元婴后期的老怪发出一声短促的惨嚎,直接单膝跪倒在满是淤泥的浅滩。
他枯瘦的十指死死按住左肋第三根灵骨的位置,
指甲抠破皮肉,黑紫色的毒血渗出,
其中更有死气本源翻滚!
今日便是月缺之夜!
反噬的时间,
到了!
狂暴的元婴灵力失去控制,在甬道内胡乱冲撞,
殷红叶本能的扣紧掌心元婴一击的符箓,准备趁他病要他命。
但一只手按住她的手腕。
云辞神色平静,
如果是之前,他会毫不犹豫的想方设法弄死这老东西。
现在的话,这可是一枚不错的棋子!
云辞迈开步子,来到痛苦蜷缩雍天阔面前,
居高临下看着这位大雍前太子,眼眸深邃,
“雍老前辈,这百毒噬骨,还有死气吞噬心脉的滋味,你还能抗多久?”
雍天阔痛得说不出话,幽绿的眼瞳剧烈震颤,却警惕的看着云辞。
云辞没再废话,右手翻转,
一枚散发着清香的四阶丹药出现掌心,随手抛入雍天阔口中。
“吞下去。”
伴随雍天阔服用,他的状态顿时好转。
与此同时,
云辞靠近,右手掌心贴在雍天阔左肋上方寸许,
他死亡灵根隐晦一动,霸道的抽走这些游离的死气。
感受到这纯正的死亡之力,云辞眼神微眯。
有意思,
大雍仙朝地底,居然也有死亡之力的痕迹!
此时,
当死气消失的瞬间,
雍天阔的身体猛地绷直,随后重重呼出一口浊气。
剧痛,消失了!
不仅如此,他甚至感觉到堵塞的灵力回路有了通畅的迹象。
雍天阔满脸骇然的抬起头,
看向云辞的目光彻底变了。
如果说之前令牌和情报让他信了三分,
现在这一手化腐朽为神奇的手段,让他信了十成。
这出手底蕴,以及能吸取最难缠的死亡之力的秘法,根本不是一般势力能办到!
“多谢……多谢阁下出手。

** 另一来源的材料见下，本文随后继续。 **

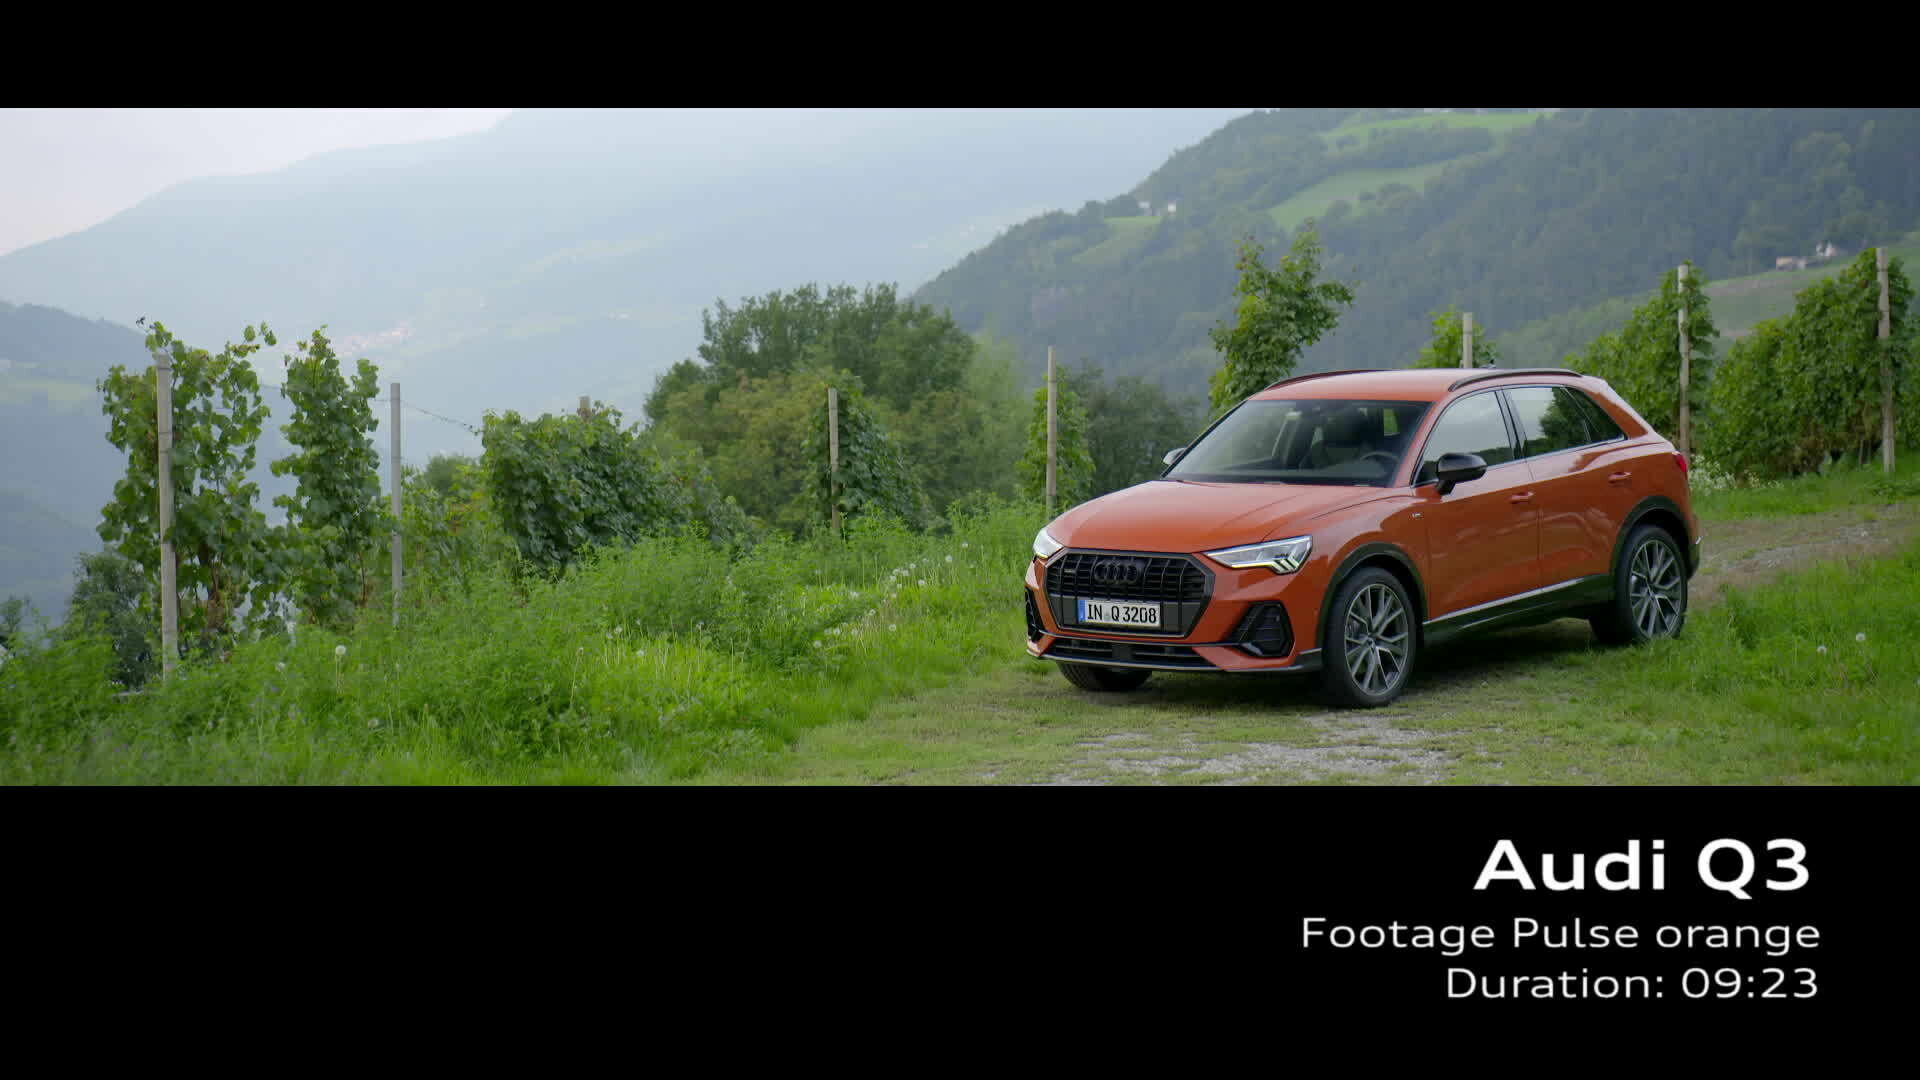 Audi Q3 Footage Pulse orange (2018)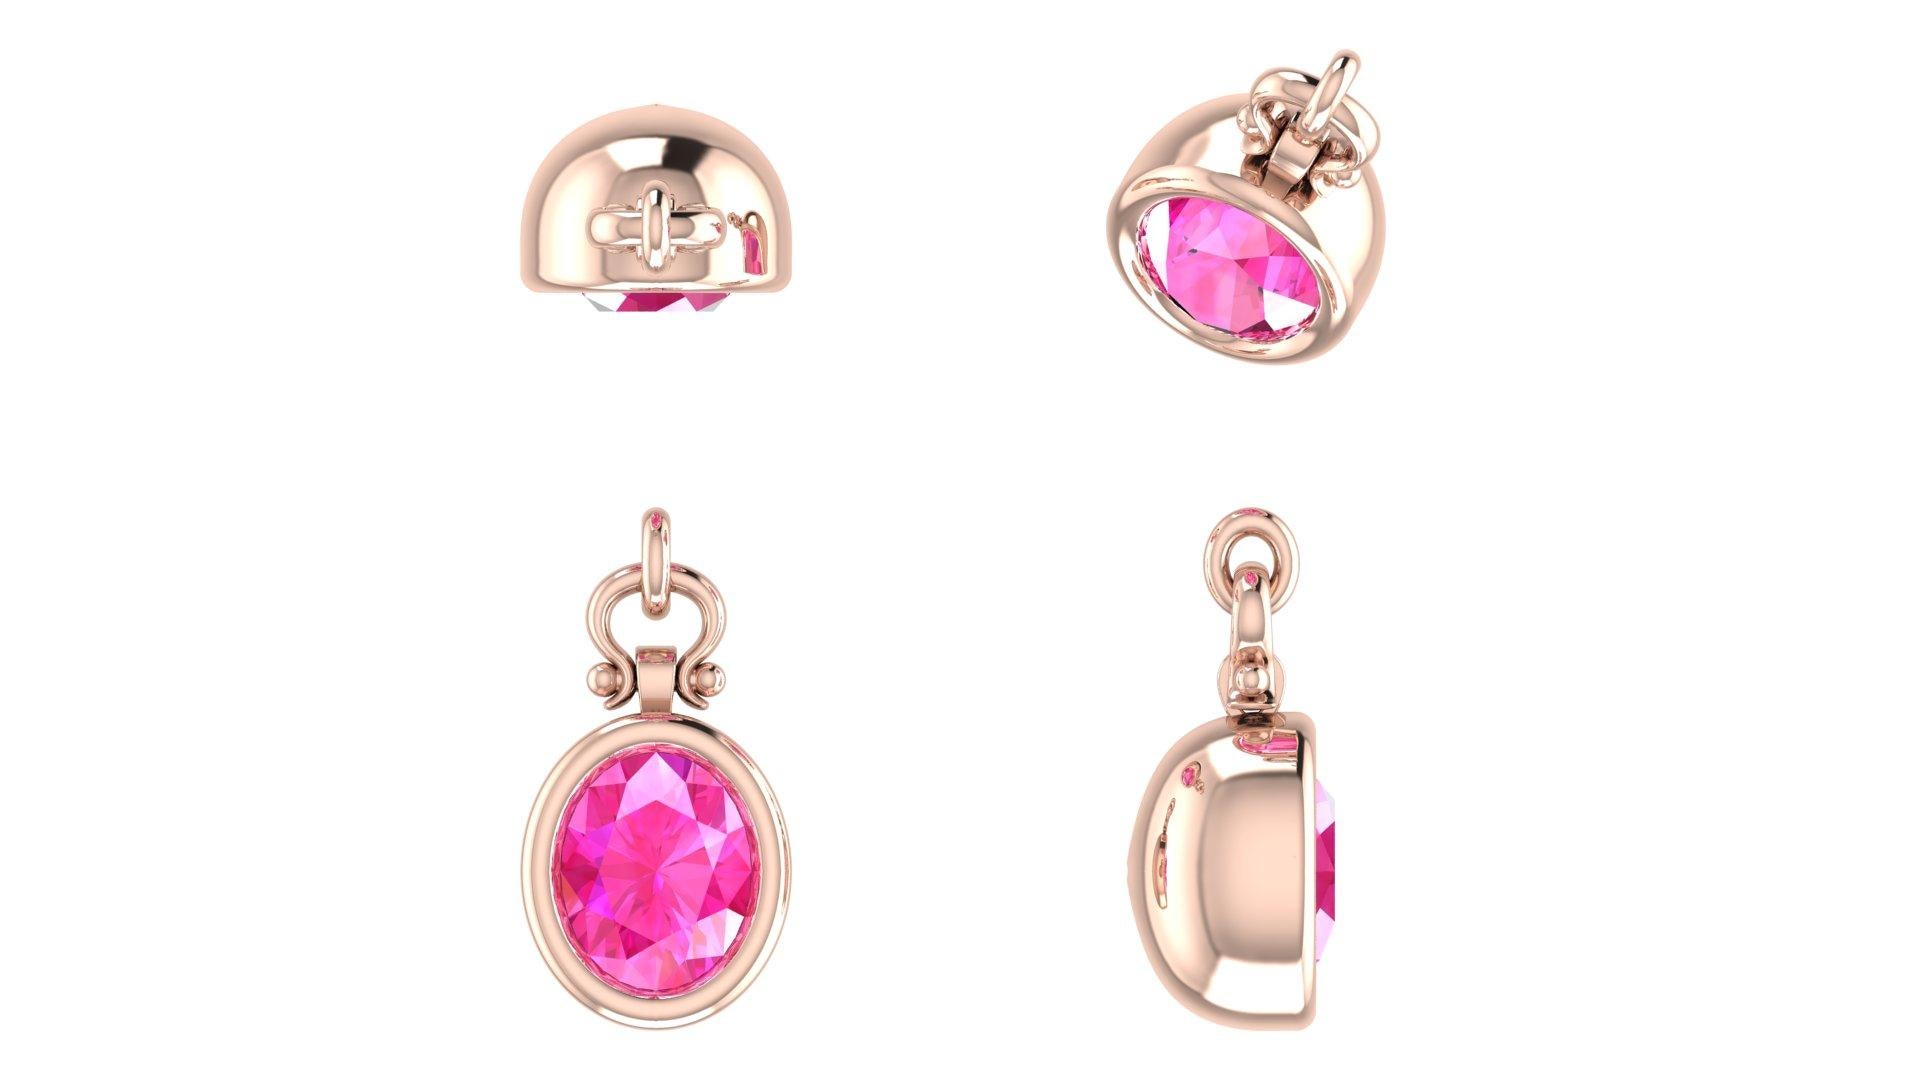 Berberyn Certified 3.12 Carat Oval Cut Pink Sapphire Pendant Necklace in 18K For Sale 1

”雍天阔声音嘶哑,缓缓站起身,
云辞甩掉指尖的死气,双手重新背到身后。
“小事一桩,十三太子殿下说了,千金买马骨!前辈的命,比这大雍仙朝的江山值钱。”
殷红叶站在两步外,面无表情的看着前方河水。
她什么都不想说了。
雍天阔深吸一口气,野心的光芒熊熊燃烧,
“好!十三太子殿下既然如此看重老朽,老朽绝不推辞!只要大殷三万精锐就位,老朽必启动宫中内应,里应外合,活撕了雍玄那老狗!”
云辞赞赏的点头,
“前辈深明大义。殿下在天阙城运筹帷幄,早已铺好后路。大雍朝堂之上,同样有殿下安插的人员准备策应。边境三州,我大殷三十万玄甲军已在整军,只要前辈这边举事,立马挥师南下。”
殷红叶的眼皮狂跳。
三十万玄甲军?
这人撒谎到底过不过脑子!
吹牛逼是张口就来吗?!
雍天阔却不管,只听得热血沸腾,连连点头,
“好!好一个雄才大略的十三太子!老朽在这地底静候佳音!”
“不过眼下,有个麻烦。”
云辞叹了口气,抬头指了指上方,
“雍玄今夜发了疯,开启了天覆地载阵。我和我这不成器的护卫,出不去了。”
雍天阔随意扫了眼那个全程没什么存在感的护卫,然后看向云辞,
“阁下不必忧心。雍玄那老狗以为天覆地载阵天下无敌,却不知这大雍皇城的一切,有一半是老朽督建。”
雍天阔转过身,枯瘦的手指朝暗河深处虚引。
“跟老朽来。”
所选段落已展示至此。